For a step into what the future may hold, and as a warning of what might be around the corner, there is nothing more intriguing than the Saudi project currently doing the rounds; The Line, Neom City. A dystopian, completely manufactured city that extends as a 200-metre-wide strip, for 170 kilometres, in a straight line.
It is a revolution in design, concept, visualisation – call it what you will, and try not to use the word terrifying. A future where nine million people will inhabit a footprint of just 34 square kilometres. It offers answers to all the questions of sustainability, with a controlled environment. Funny how that word ‘controlled’ sends a shiver down one’s spine.
Is this where we are now?
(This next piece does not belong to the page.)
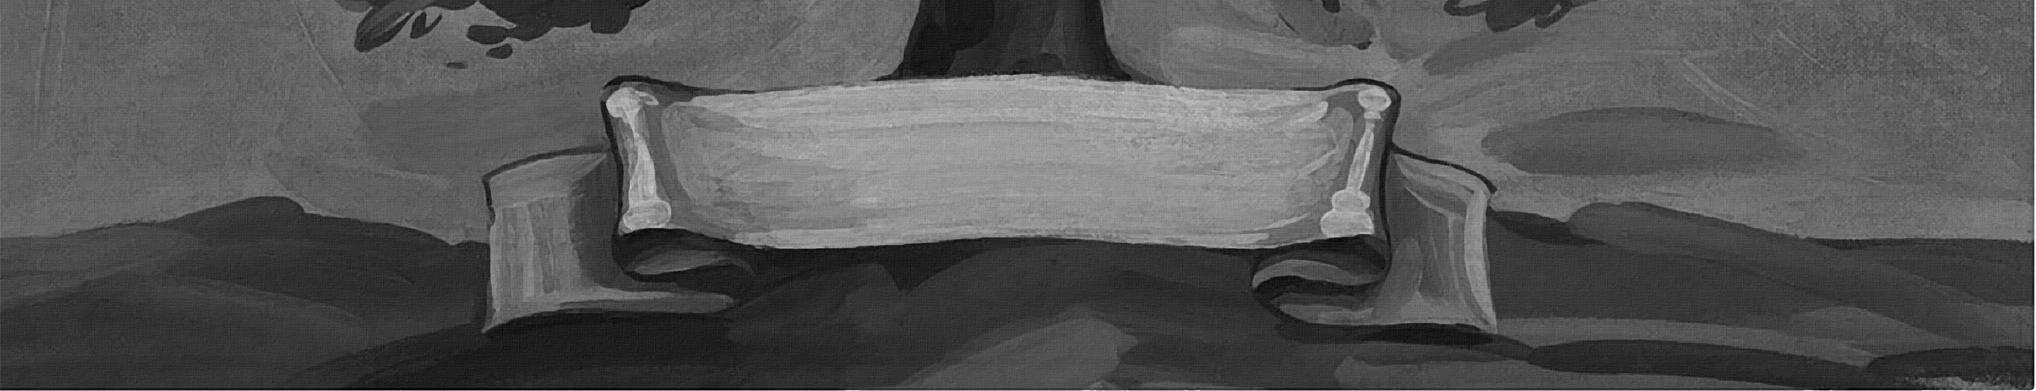 Чем опасна сажа в дымоходе, и как от неё избавиться

Looking toward a future that by necessity is so cheek-by-jowl, so unnatural and overly engineered and yes, controlled, by government and mega companies? Surely not. We cannot, and should not leave all the work, and responsibility just to just a few. Australia has some of the best architects, designers and minds in the world, the vast majority of which I am sure have graceful solutions in cyberspace, just waiting for someone to say here’s the money, we’re behind you 100 percent, GO! DO!
The most capable people to say that are the private investors; what they need is the to be given the power to shoulder some of the responsibility. They want to do it. What we need is government to stop limiting their potential. Australia is bigger than Sydney and Melbourne, we have to regulate and plan for all sizes of community.
Allow local market forces, local investment and local buyers a chance to settle down after a couple of bloody hard years, and find their natural level. It’s not a matter of handing out incentives, it is perhaps a matter of letting, and assisting people find local solutions.
What will drive this change? Or will governments of all shapes and sizes (though State governments are deserving some praise here) continue to stymy our progress? When will we reach a point when something has to give, when people will actually rise and demand a solution that works long term? There seems to be just one answer, and it comes from Simon Pressley.
“It will only end when governments say we’ve had enough of the pain and that pain is in the form of having a small rental pool but huge global embarrassment when a great number of good Aussies will be living in caravans, tents, garages and other people sofas. That’s when it will end.”